(Recorded data)

--

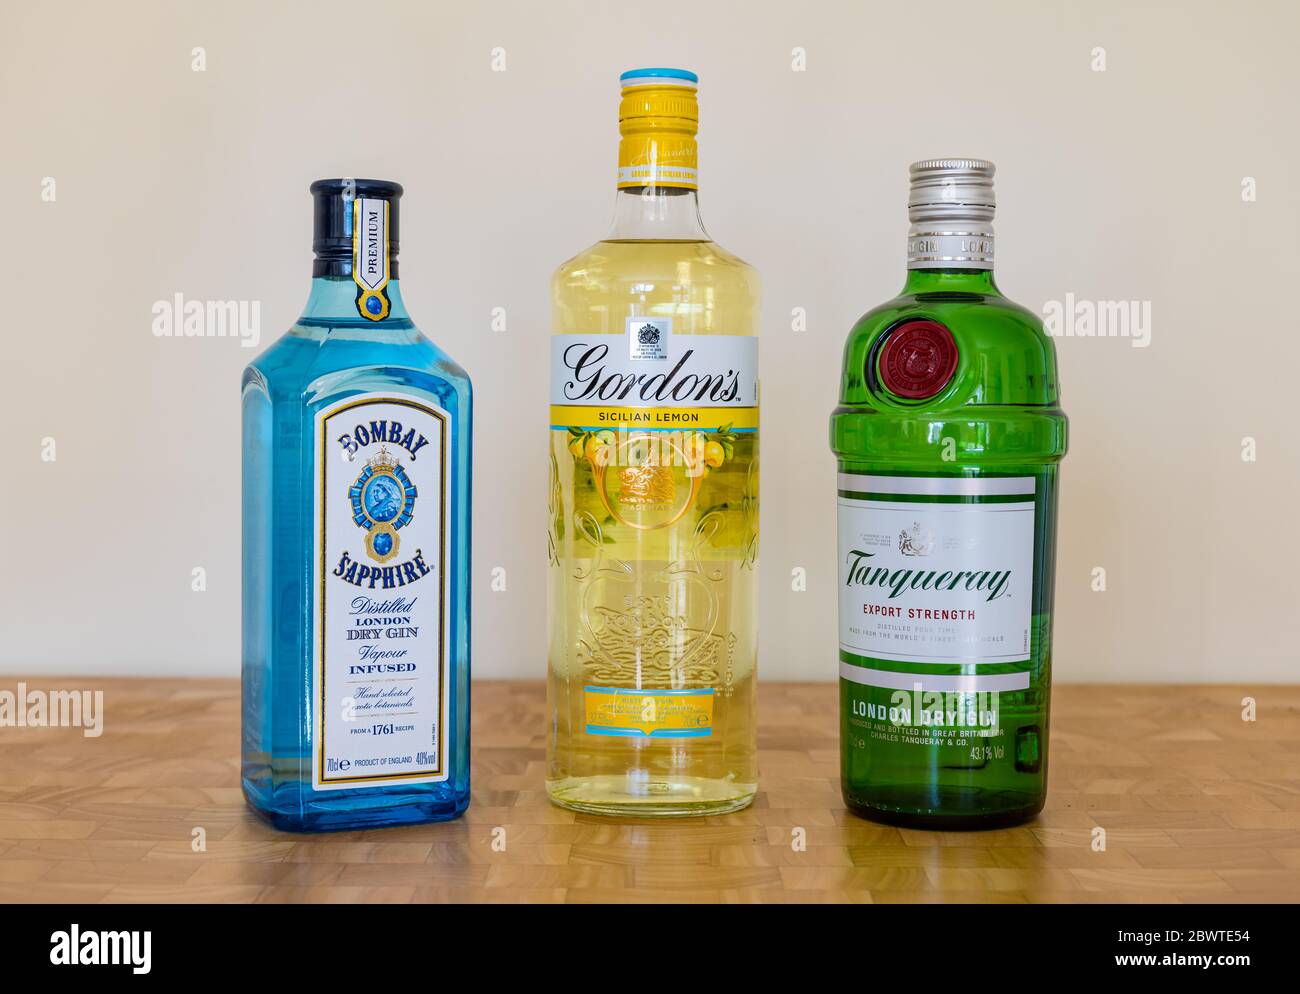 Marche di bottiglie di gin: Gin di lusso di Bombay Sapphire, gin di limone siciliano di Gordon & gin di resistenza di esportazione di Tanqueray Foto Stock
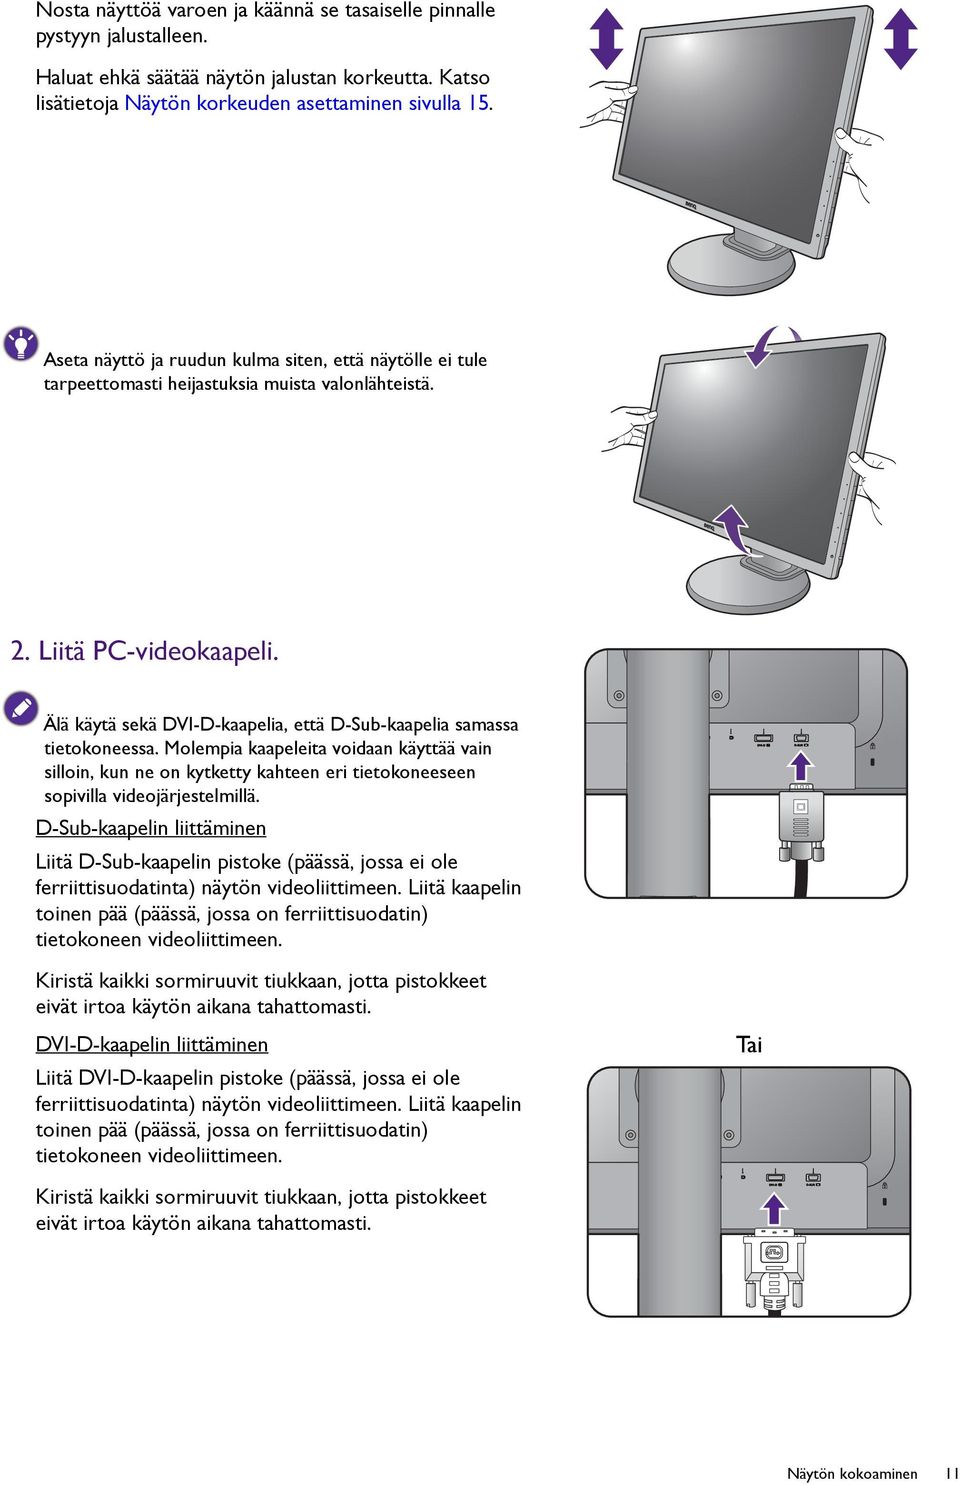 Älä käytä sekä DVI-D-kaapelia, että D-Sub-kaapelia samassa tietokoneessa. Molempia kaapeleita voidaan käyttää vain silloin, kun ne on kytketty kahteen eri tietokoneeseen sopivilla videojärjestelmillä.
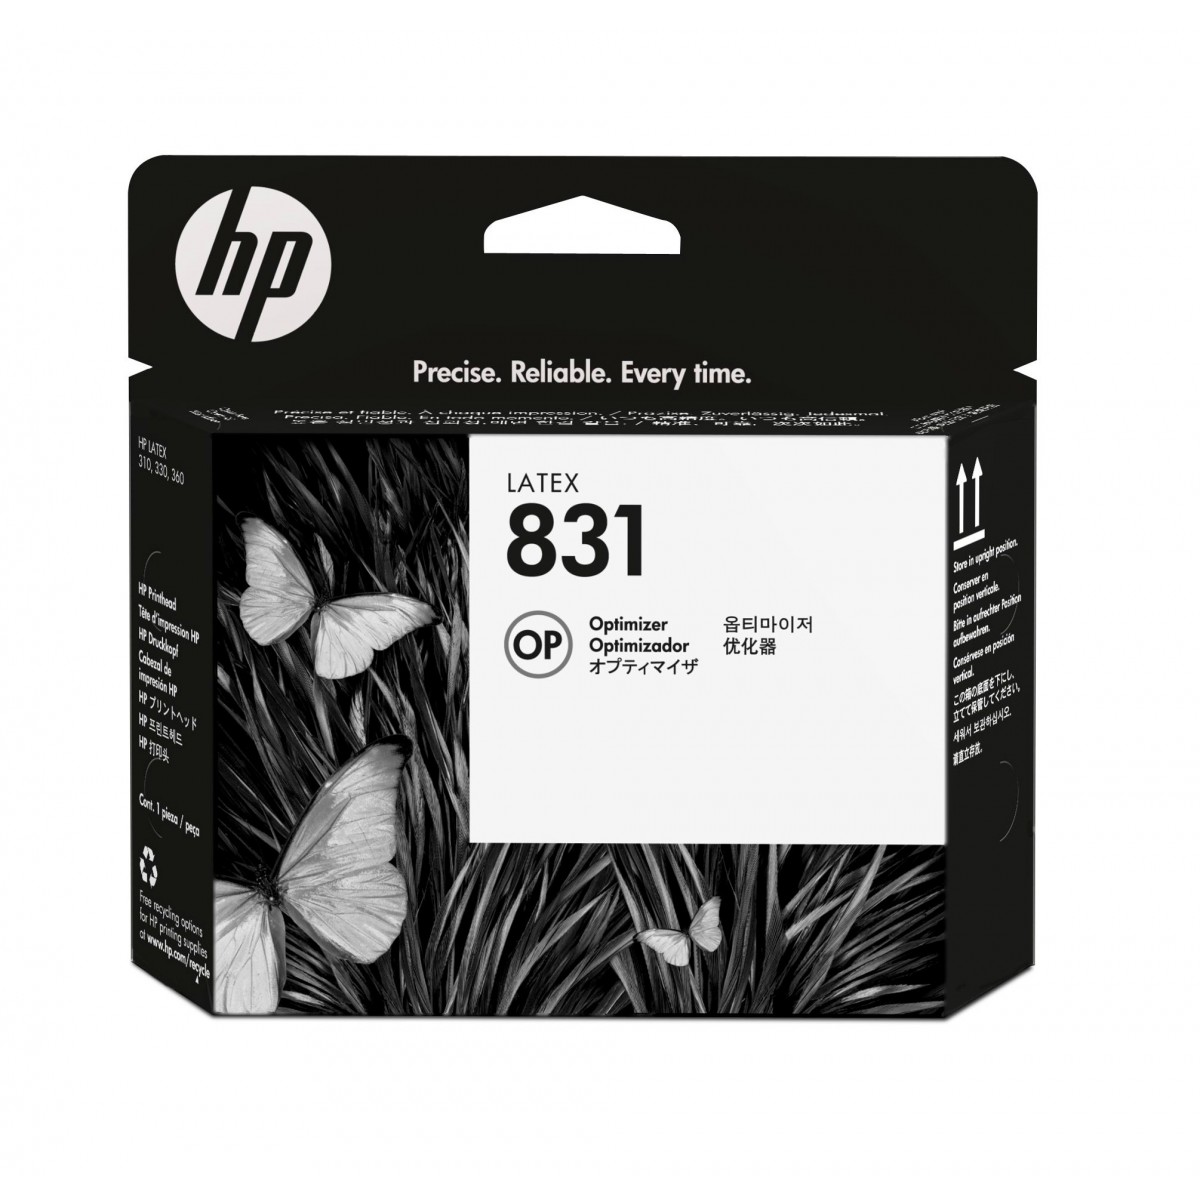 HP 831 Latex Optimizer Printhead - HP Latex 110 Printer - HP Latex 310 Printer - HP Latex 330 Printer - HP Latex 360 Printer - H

--

(What is expected) Leaving the pictures out, write out all the material above exactly.

(Final answer)
 Marche di bottiglie di gin: Gin di lusso di Bombay Sapphire, gin di limone siciliano di Gordon & gin di resistenza di esportazione di Tanqueray Foto Stock
 Älä käytä sekä DVI-D-kaapelia, että D-Sub-kaapelia samassa tietokoneessa. Molempia kaapeleita voidaan käyttää vain silloin, kun ne on kytketty kahteen eri tietokoneeseen sopivilla videojärjestelmillä.
 HP 831 Latex Optimizer Printhead - HP Latex 110 Printer - HP Latex 310 Printer - HP Latex 330 Printer - HP Latex 360 Printer - H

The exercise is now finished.